I’ve struggled with my weight almost all my life.
Judging from old photos, I started getting a little chubby when I was around 8 or 9 years old. That’s around the time my sister was born… so it’s obviously all her fault. I was perfectly fine being the only child.
I’m kidding, of course. (She might read this!) In all seriousness, I honestly can’t pinpoint the reasons for my weight issues… maybe it was my father’s drug and mental health problems, my mom being overweight herself, not participating in sports, or a combination of these and other factors. I’ve tried time and again to lose weight. Every diet, exercise program, fitness gadget, weight loss book out there – I’ve probably tried it, bought it, or checked it out from the library.
The truth is, I try, but I can never stick to a diet for long. My need to feel better and ‘feed’ my emotions becomes stronger than my desire to lose weight. After I mess up I have a hard time getting back on track, so I usually just give up… until the cycle begins all over again. People who’ve been successful always say “something just clicked” – but how do you know when that happens? I’ve been overweight for so long that I can’t even see myself thin.
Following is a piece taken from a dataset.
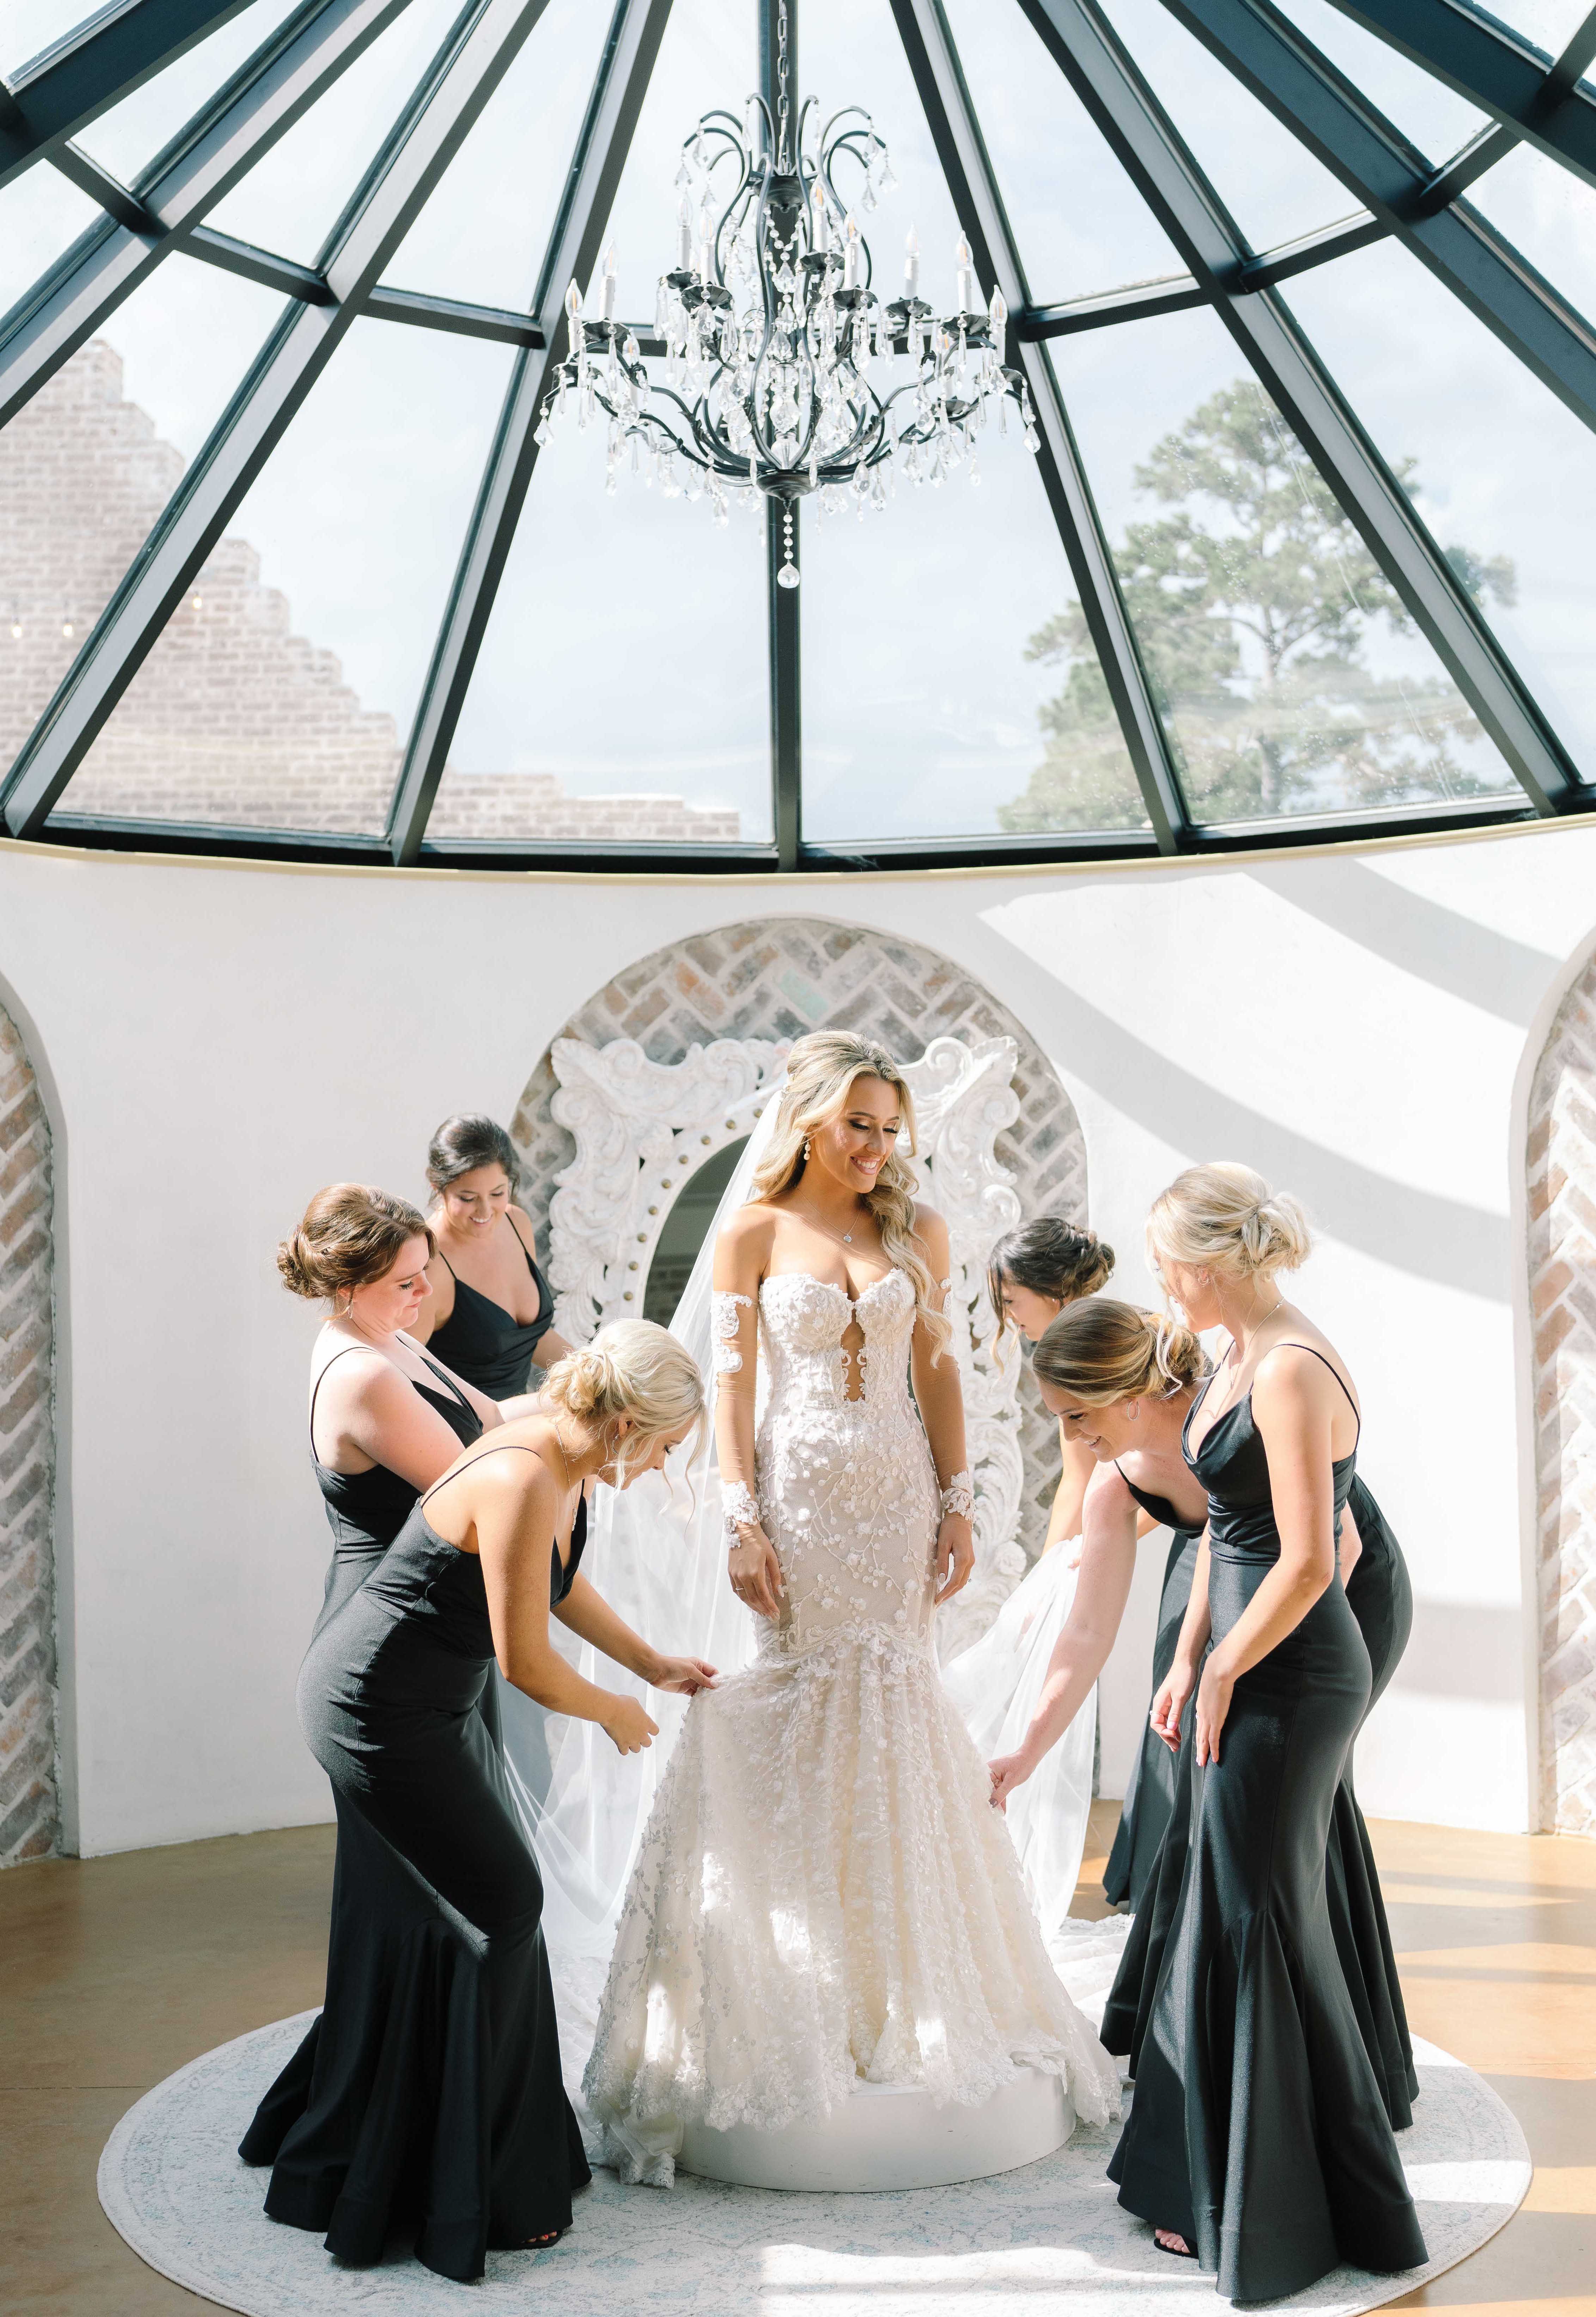 A bride stands in a sunny bridal suite while her bridesmaids fix her wedding gown.

So here we go – 100 DAYS OF WEIGHT LOSS, DAY 1
I got on the scale this morning and was pretty disgusted by the number I saw… 208.6 lbs. I’ve regained almost all the weight I lost on the Medifast program a couple of year ago. Even when I’m not officially ‘dieting’, I almost always start the day off on the right foot – usually with a green smoothie. I’ll snack on some fruit mid-morning, and have a healthy lunch. A big salad, some quinoa and beans, you get the picture. My problem is that I often hit a wall in the late afternoon where I feel like I need to lay down and take a nap. So I eat something sweet to wake me up. I figure I’ve already blown it, so I eat more… and it goes downhill from there. Don’t even get me started on exercise. I need to look at how I tend to do things and make up new endings for these negative patterns.
I used to be that way, but now I’m different.
- I used to give up on a diet after a few days, but now I’m journaling to stay on track.
- I used to drink Coke and coffee every day, but now I’m drinking water, seltzer, and tea instead. (I love Yogi detox tea, by the way!)
- I used to have exercise at the bottom of my to-do list (only done if I had the time), but now it’s moved to the top.
- I used to put my family ahead of myself, but now I worry about ME first, and do something for myself every day.
- I used to reach for sweets when I wanted to feel better, but now I write my emotions down instead of eating them.
- I used to eat mindlessly, but now I listen to my body, paying attention (and savoring!) every bite, stopping when I’m satisfied.
- I used to stay up late, but now I choose to go to bed early and wake up early instead. I give myself one weekend morning to sleep in.
- I used to be easily discouraged, but now I’m inspired and motivated to keep going!
In the hopes that I’ll fall back into blogging regularly – and maybe lose some weight in the process – for the next 3 months I’ll be tackling the one-a-day lessons from the book “100 Days of Weight Loss” by Linda Spangle. I’m fearful that I’ll fail, like I always do… or wait, is that a click I just heard? The clicking of my keyboard. It’ll do.
- Weight: 208.6 lbs
- Exercise: Nothing. (I know…)
- Steps: 1904. I forgot to put my tracker back on after my shower.
- Craving: Halloween candy. I gave in, but not a ridiculous amount like last year.